As smart as my mum was, I don’t think she knew anything about phobias. Perhaps nobody did at the time. My phobia for snakes grew and it never went away. It became my constant companion – the most unwanted companion ever. The mere thought of a snake or a picture of one made the hair on my arms rise and my mouth go dry, not to mention the instant headache and stomach pain. Nobody knew anything at that time about post-traumatic stress disorders either. They just asked you to get a grip on yourself and move on. Could I have developed that?

I don’t live in that town anymore. I am now an old lady and live in an apartment in Sydney, Australia. When I left the country I grew up in, I chose to live in New Zealand where there are no snakes. I could garden as much as I wanted to, walk wherever I wanted and let my children play wherever they wanted. Soon I forgot snakes existed. But alas, as fate would have it, my children moved to Australia, a land full of some of the deadliest snakes! When I retired, I had to follow them to be close to my grandchildren. Before I knew it, I was looking for snakes everywhere – in front of me, behind me, under my bed, in the cupboards, behind the toilet bowl, in the toilet bowl, just everywhere! My phobia had returned!

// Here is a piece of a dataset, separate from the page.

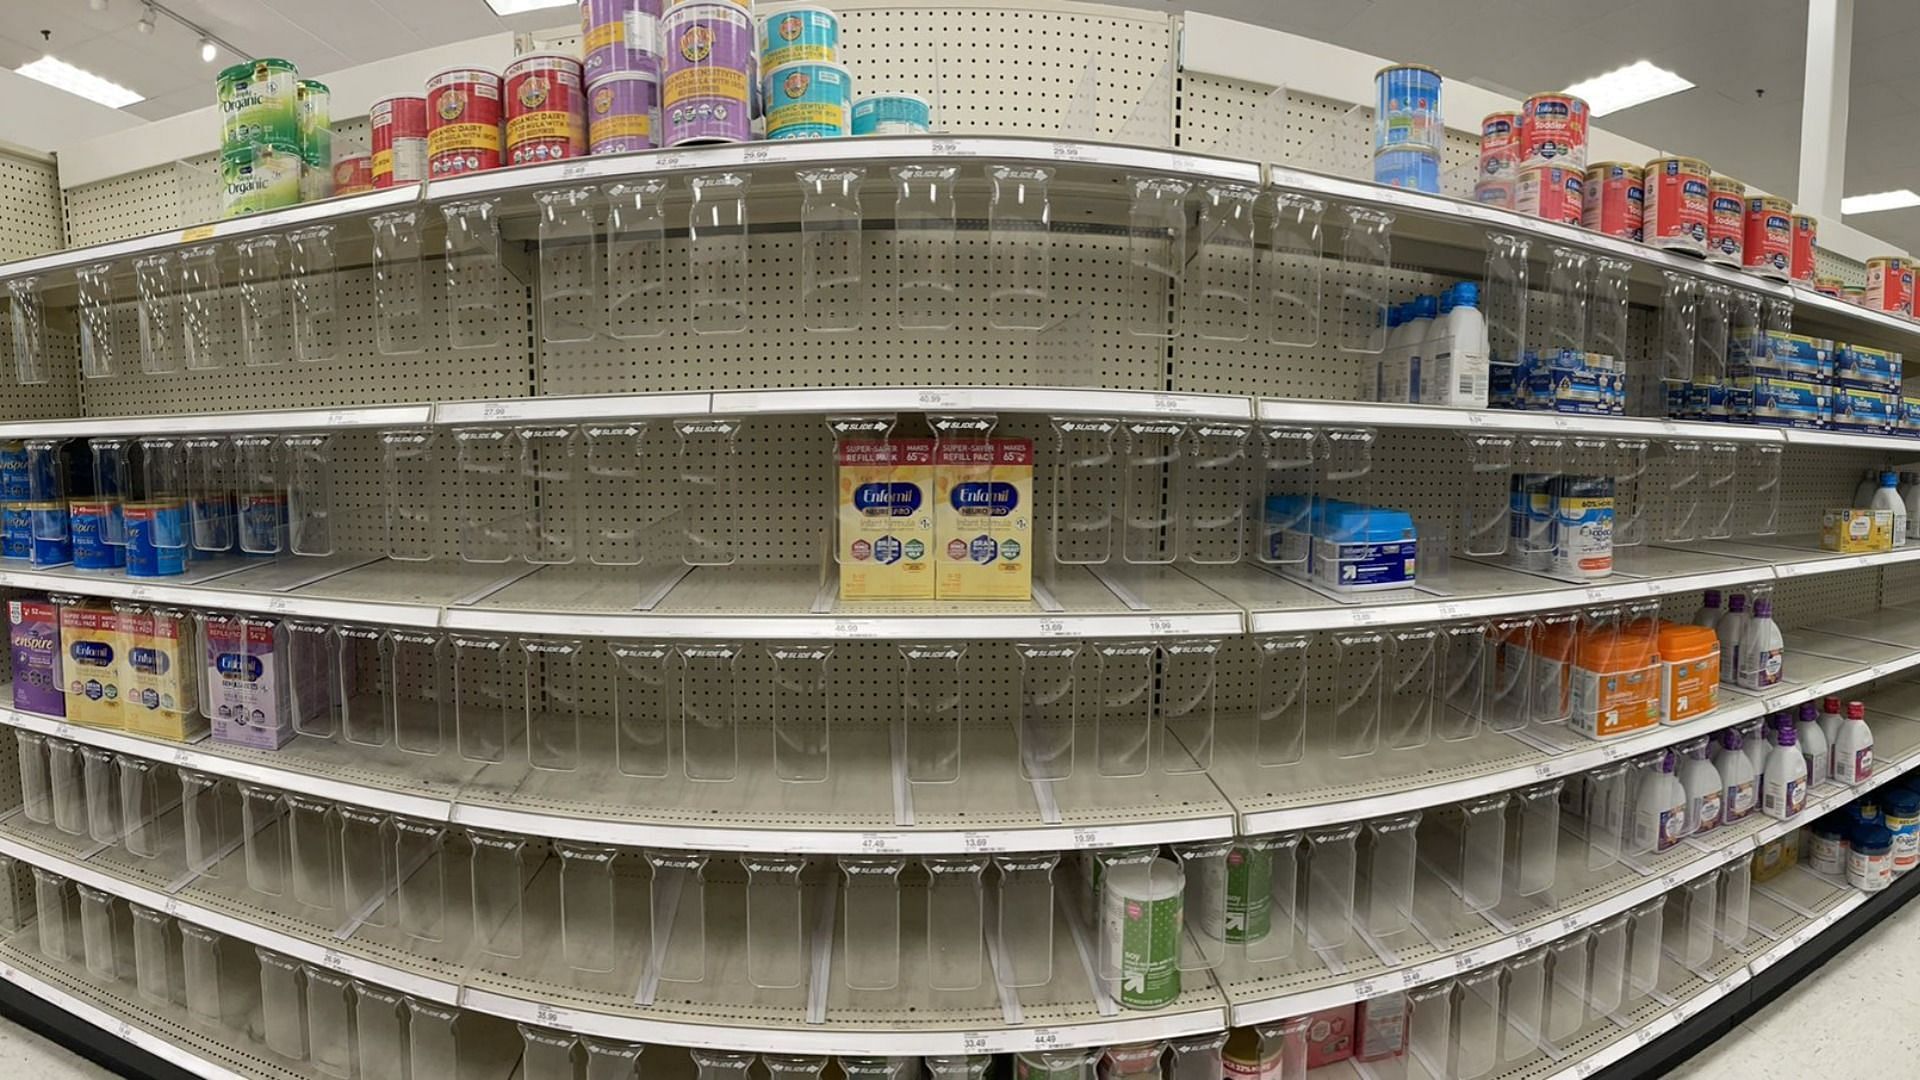 USA&#039;s Baby Formula shortage reaches crisis levels as major brands go out of stock (Image via Danielle Miller/Twitter)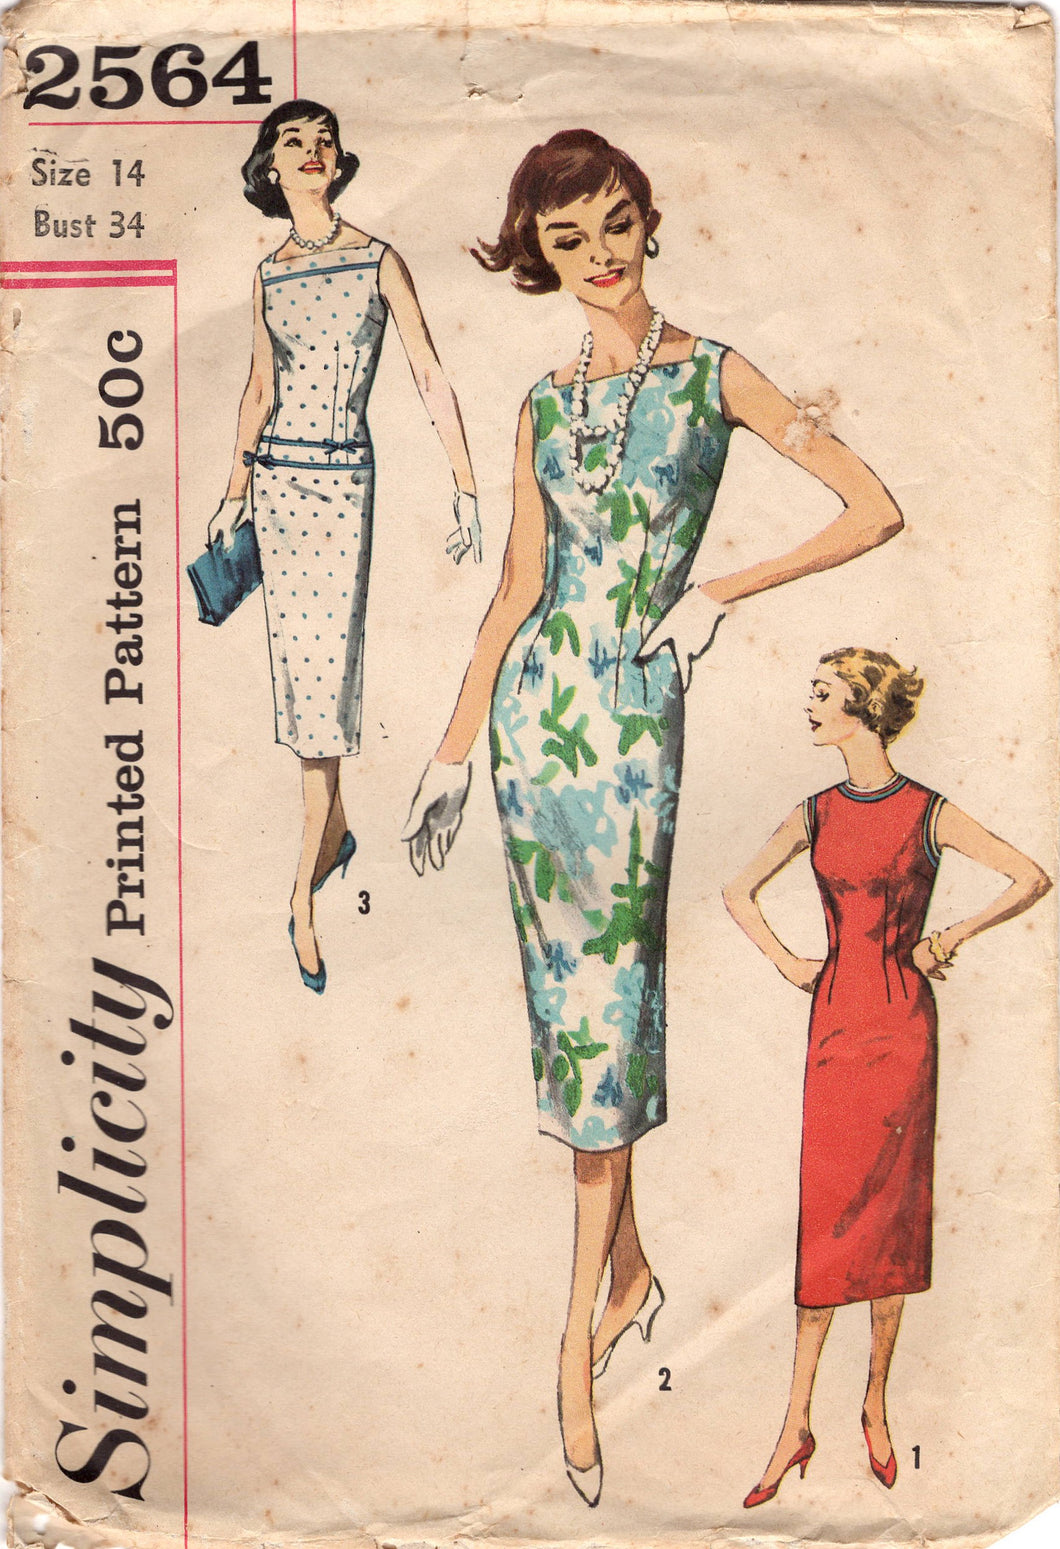 1960's Simplicity Sheath Dress with Square Boat Neckline Pattern - Bust 34

I didn’t think it could after so many decades, but it did.

So, I now live in an apartment on the top floor of a tall building, hoping that no snake will take the trouble to climb up that far.

I still look though!


I am an Indian woman who was born and raised in South Africa then relocated to New Zealand in 1988.  I have recently retired and relocated once more to Australia to be close to children and grandchildren.

Professionally, I am a social and health psychologist who served as Director of the Centre for Asian and Ethnic Minority Health Research and Evaluation based within the School of Population Health, in the Faculty of Medical and Health Sciences, at the University of Auckland in New Zealand.  My research has focused on the impact of the social environment on mental health and its physical manifestations, and was conducted for the New Zealand Ministry of Health and Ministry of Social Development, providing empirical data to inform social and health policy.  As director, I have also served on several expert advisory groups to the New Zealand Government and the Auckland City Council, as well as for other research projects conducted within the school.  Prior to obtaining a Masters and PhD in psychology in New Zealand and commencing a career in university education and research, I obtained a Secondary Education Diploma at the Springfield College of Education for Indians in Durban and a BA and B.Ed. from the University of South Africa, and taught English in high schools in South Africa and New Zealand.   I have published peer reviewed academic reports and articles in international journals and have also presented papers internationally in the field of social and health psychology. 

This story is my first non-academic work.